▸ **Data**:

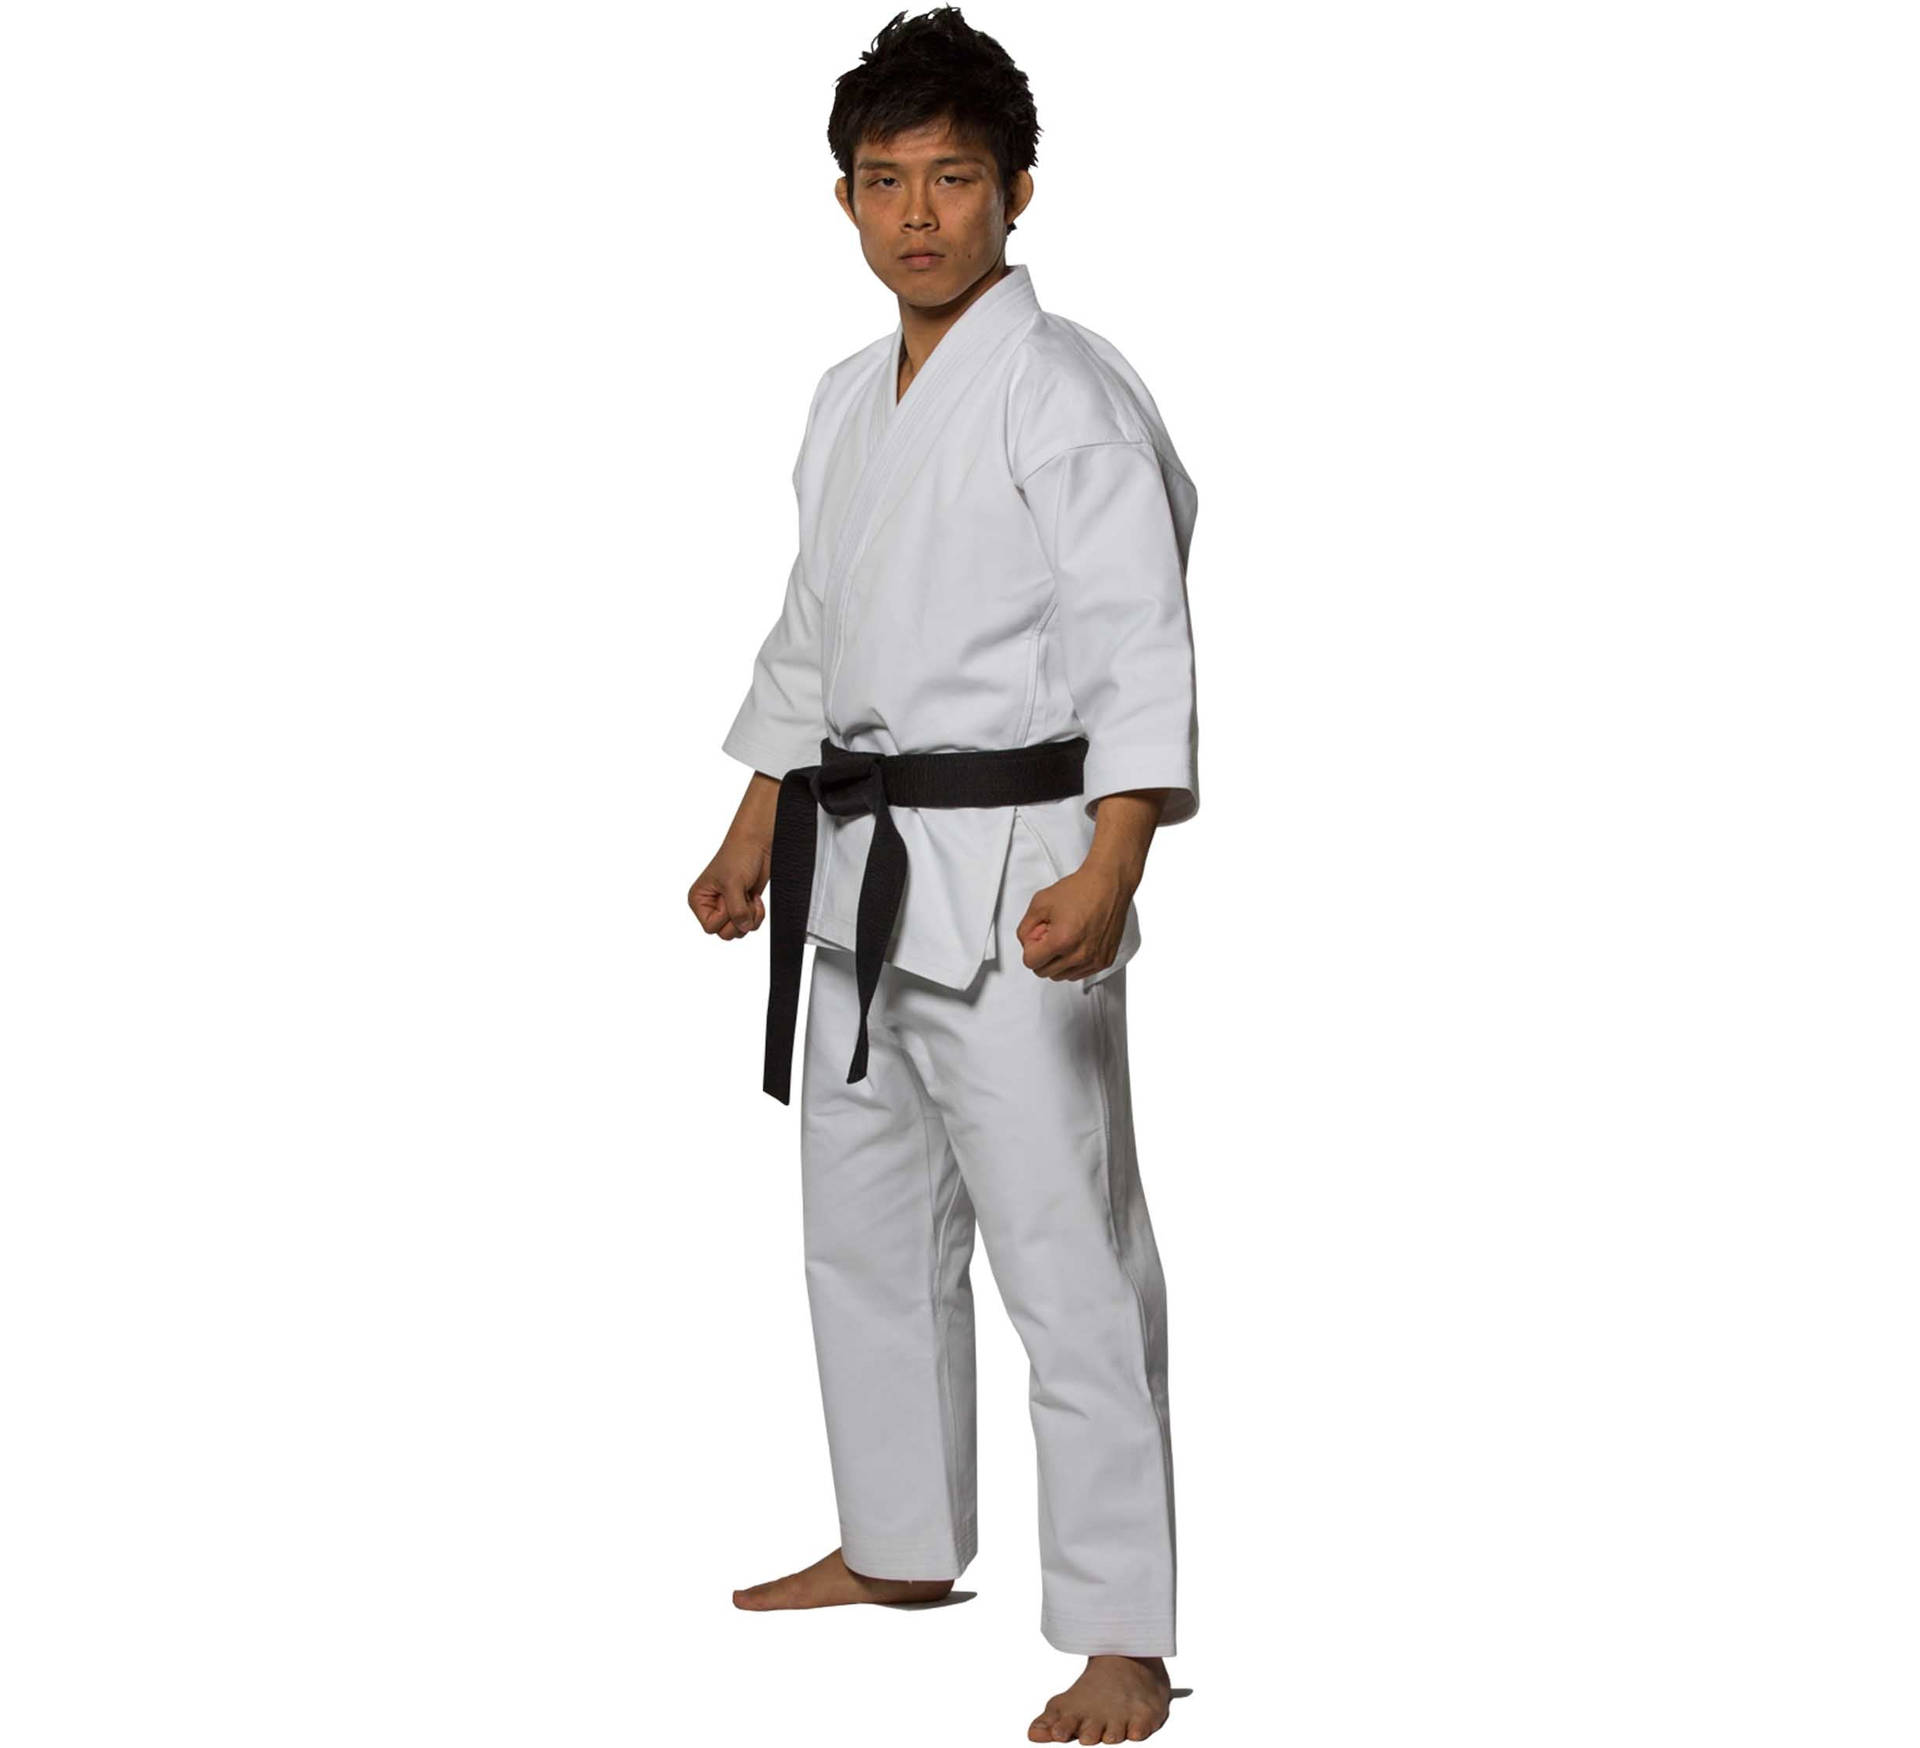 Karatemann Im Karateanzug Auf Weißem Hintergrund Wallpaper
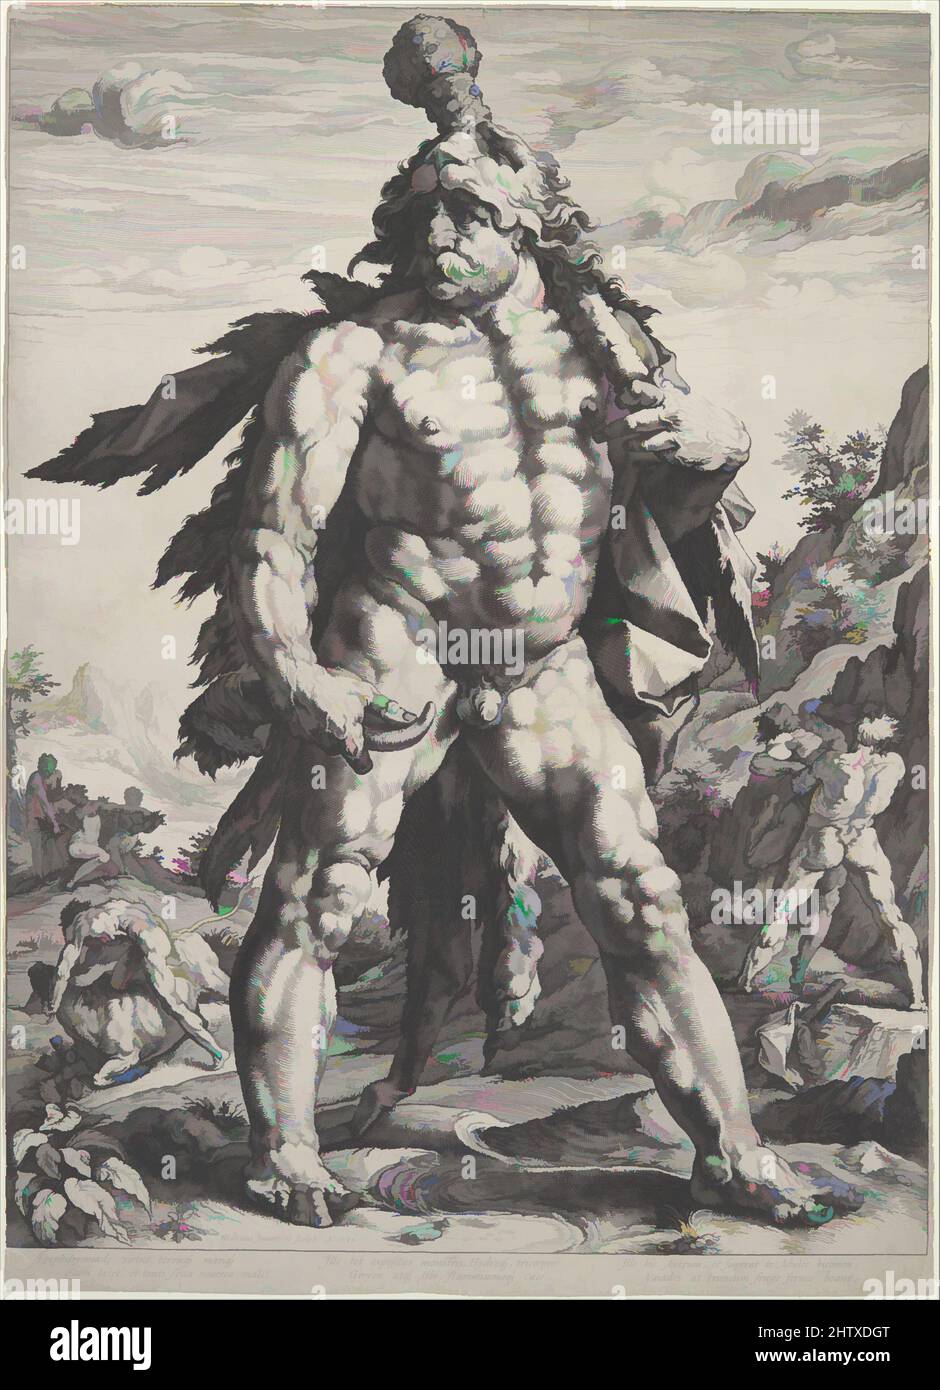 Arte ispirata ai grandi Ercole, 1589, incisione, 21 7/8 x 15 7/8 poll. (55,5 x 40,4 cm), Prints, Hendrick Goltzius (Netherlandish, Mühlbracht 1558–1617 Haarlem), questa incisione notevole è stata a lungo conosciuta come il Knollenman, o uomo bulbo. Mostra la figura di Goltzius, la figura del muscolo-rigonfiamento, opere classiche modernizzate da Artotop con un tuffo di modernità. Forme, colore e valore, impatto visivo accattivante sulle emozioni artistiche attraverso la libertà delle opere d'arte in modo contemporaneo. Un messaggio senza tempo che persegue una nuova direzione selvaggiamente creativa. Artisti che si rivolgono al supporto digitale e creano l'NFT Artotop Foto Stock
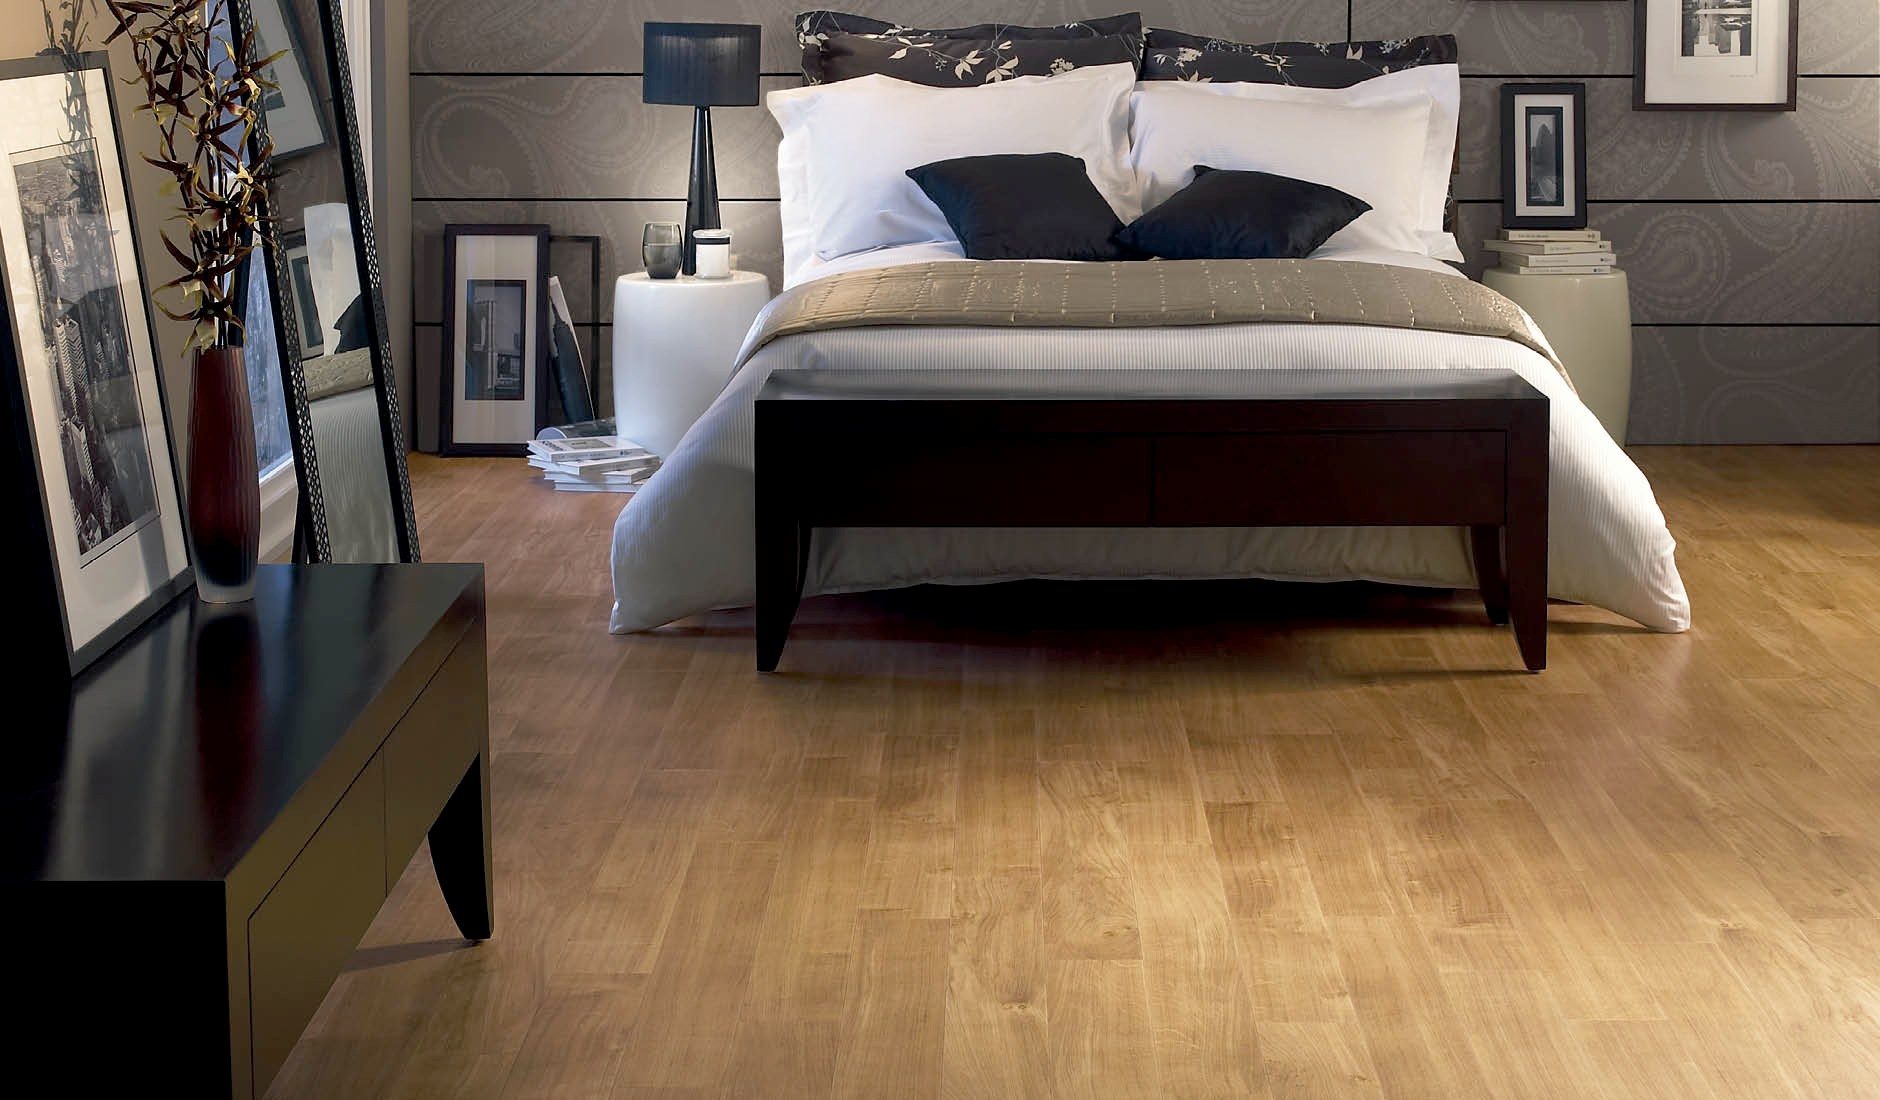 33 RUSTIC WOODEN FLOOR BEDROOM DESIGN INSPIRATIONS...... - Godfather Style

▸ **What the exercise asks**: The whole listing must be transcribed exactly. No pictures belong in the copy.

▸ **Answer to this exercise**:
 Karatemann Im Karateanzug Auf Weißem Hintergrund Wallpaper
 Arte ispirata ai grandi Ercole, 1589, incisione, 21 7/8 x 15 7/8 poll. (55,5 x 40,4 cm), Prints, Hendrick Goltzius (Netherlandish, Mühlbracht 1558–1617 Haarlem), questa incisione notevole è stata a lungo conosciuta come il Knollenman, o uomo bulbo. Mostra la figura di Goltzius, la figura del muscolo-rigonfiamento, opere classiche modernizzate da Artotop con un tuffo di modernità. Forme, colore e valore, impatto visivo accattivante sulle emozioni artistiche attraverso la libertà delle opere d'arte in modo contemporaneo. Un messaggio senza tempo che persegue una nuova direzione selvaggiamente creativa. Artisti che si rivolgono al supporto digitale e creano l'NFT Artotop Foto Stock
 33 RUSTIC WOODEN FLOOR BEDROOM DESIGN INSPIRATIONS...... - Godfather Style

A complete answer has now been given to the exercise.